*DATASET EXTRACT*.

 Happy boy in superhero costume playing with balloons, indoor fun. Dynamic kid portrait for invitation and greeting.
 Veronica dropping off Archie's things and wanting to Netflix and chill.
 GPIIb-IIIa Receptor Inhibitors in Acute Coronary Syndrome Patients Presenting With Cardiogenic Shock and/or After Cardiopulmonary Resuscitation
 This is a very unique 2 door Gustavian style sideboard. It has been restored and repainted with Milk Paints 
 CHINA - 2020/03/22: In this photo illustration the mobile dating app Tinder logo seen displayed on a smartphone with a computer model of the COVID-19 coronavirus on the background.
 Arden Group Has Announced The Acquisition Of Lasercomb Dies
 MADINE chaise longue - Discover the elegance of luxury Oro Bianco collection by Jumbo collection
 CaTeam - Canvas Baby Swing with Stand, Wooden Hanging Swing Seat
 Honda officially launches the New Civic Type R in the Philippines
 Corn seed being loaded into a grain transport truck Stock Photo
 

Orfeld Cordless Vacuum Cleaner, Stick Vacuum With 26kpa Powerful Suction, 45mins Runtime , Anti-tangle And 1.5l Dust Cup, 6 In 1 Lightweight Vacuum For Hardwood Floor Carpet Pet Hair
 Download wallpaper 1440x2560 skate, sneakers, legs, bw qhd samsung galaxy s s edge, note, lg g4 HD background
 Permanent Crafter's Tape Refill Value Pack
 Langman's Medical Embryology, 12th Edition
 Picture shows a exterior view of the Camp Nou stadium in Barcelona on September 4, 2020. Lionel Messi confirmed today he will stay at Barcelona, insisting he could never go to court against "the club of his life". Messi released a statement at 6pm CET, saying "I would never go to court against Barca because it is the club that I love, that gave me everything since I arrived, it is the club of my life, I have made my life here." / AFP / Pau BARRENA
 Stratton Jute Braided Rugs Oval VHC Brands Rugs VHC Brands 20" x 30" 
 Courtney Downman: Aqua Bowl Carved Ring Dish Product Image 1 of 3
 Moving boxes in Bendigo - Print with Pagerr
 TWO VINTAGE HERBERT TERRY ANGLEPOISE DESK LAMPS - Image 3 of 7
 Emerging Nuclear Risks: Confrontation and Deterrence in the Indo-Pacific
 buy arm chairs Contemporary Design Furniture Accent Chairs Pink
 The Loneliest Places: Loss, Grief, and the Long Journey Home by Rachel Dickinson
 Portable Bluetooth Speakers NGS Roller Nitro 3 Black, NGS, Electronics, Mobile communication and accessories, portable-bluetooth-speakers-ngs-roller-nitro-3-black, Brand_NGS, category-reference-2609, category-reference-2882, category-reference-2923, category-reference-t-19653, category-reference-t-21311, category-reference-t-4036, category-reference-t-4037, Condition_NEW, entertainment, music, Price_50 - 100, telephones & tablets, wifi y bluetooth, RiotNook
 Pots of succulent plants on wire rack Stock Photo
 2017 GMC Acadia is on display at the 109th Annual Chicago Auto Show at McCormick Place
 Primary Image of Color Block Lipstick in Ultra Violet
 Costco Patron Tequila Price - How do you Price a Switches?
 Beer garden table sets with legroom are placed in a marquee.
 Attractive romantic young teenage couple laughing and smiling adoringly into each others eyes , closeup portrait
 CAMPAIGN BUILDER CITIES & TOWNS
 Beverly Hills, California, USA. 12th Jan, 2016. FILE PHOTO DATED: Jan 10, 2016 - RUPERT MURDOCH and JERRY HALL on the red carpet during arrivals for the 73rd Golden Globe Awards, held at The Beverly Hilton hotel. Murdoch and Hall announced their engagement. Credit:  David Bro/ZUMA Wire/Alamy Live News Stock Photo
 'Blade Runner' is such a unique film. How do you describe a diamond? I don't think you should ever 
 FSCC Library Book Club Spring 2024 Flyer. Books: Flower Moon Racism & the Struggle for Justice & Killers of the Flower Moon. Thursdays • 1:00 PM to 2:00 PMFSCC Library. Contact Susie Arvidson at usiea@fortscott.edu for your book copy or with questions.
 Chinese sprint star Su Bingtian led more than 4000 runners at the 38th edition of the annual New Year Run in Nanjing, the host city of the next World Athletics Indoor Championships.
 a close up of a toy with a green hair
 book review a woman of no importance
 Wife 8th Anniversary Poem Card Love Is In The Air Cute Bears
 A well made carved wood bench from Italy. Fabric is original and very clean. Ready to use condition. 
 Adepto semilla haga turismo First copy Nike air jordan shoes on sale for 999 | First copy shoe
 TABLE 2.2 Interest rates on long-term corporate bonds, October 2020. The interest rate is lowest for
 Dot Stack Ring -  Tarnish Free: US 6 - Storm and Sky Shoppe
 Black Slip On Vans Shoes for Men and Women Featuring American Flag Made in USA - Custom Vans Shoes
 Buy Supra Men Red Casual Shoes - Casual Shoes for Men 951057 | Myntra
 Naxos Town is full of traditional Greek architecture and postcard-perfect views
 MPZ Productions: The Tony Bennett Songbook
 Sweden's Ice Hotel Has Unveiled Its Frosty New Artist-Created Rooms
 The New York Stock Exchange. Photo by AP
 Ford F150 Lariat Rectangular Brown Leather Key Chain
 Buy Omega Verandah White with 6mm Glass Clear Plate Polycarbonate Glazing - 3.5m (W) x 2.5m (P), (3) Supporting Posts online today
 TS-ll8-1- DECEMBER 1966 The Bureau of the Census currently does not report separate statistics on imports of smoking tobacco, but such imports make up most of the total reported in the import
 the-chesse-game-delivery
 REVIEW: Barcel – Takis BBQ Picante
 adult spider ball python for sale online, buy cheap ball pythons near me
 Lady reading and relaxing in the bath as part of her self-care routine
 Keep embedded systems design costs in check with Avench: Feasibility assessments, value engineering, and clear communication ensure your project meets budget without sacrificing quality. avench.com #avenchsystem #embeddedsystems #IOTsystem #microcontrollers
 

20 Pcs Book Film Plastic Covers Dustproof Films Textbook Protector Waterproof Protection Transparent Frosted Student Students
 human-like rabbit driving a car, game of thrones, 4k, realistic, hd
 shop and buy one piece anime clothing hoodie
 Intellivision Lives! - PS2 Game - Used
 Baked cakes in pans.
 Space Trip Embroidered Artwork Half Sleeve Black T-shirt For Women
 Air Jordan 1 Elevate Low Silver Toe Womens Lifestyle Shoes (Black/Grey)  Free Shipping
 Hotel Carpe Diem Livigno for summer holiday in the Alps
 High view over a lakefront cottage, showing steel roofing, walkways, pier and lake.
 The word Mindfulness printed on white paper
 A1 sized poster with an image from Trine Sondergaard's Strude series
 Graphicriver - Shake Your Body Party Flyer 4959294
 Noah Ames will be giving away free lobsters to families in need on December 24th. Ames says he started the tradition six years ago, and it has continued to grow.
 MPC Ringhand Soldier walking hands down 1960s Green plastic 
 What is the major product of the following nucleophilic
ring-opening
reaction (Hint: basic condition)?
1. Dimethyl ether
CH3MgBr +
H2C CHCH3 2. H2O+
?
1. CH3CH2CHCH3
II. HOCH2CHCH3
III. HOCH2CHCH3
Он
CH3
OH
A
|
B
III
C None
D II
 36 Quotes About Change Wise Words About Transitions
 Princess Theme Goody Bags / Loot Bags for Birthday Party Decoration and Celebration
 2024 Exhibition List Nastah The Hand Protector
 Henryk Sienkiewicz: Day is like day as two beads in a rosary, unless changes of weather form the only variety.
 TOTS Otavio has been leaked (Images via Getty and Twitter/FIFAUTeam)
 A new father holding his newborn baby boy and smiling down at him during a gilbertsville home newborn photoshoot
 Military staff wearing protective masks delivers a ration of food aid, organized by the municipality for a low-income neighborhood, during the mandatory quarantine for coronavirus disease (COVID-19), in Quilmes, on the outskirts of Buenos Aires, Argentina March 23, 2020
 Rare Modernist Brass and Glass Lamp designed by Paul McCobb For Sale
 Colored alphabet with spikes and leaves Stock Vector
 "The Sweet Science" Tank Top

*TASK DESCRIPTION*.
Pull out every line in the material above where "coronavirus" occurs.

*OUTPUT OF THE TASK*.
 CHINA - 2020/03/22: In this photo illustration the mobile dating app Tinder logo seen displayed on a smartphone with a computer model of the COVID-19 coronavirus on the background.
 Military staff wearing protective masks delivers a ration of food aid, organized by the municipality for a low-income neighborhood, during the mandatory quarantine for coronavirus disease (COVID-19), in Quilmes, on the outskirts of Buenos Aires, Argentina March 23, 2020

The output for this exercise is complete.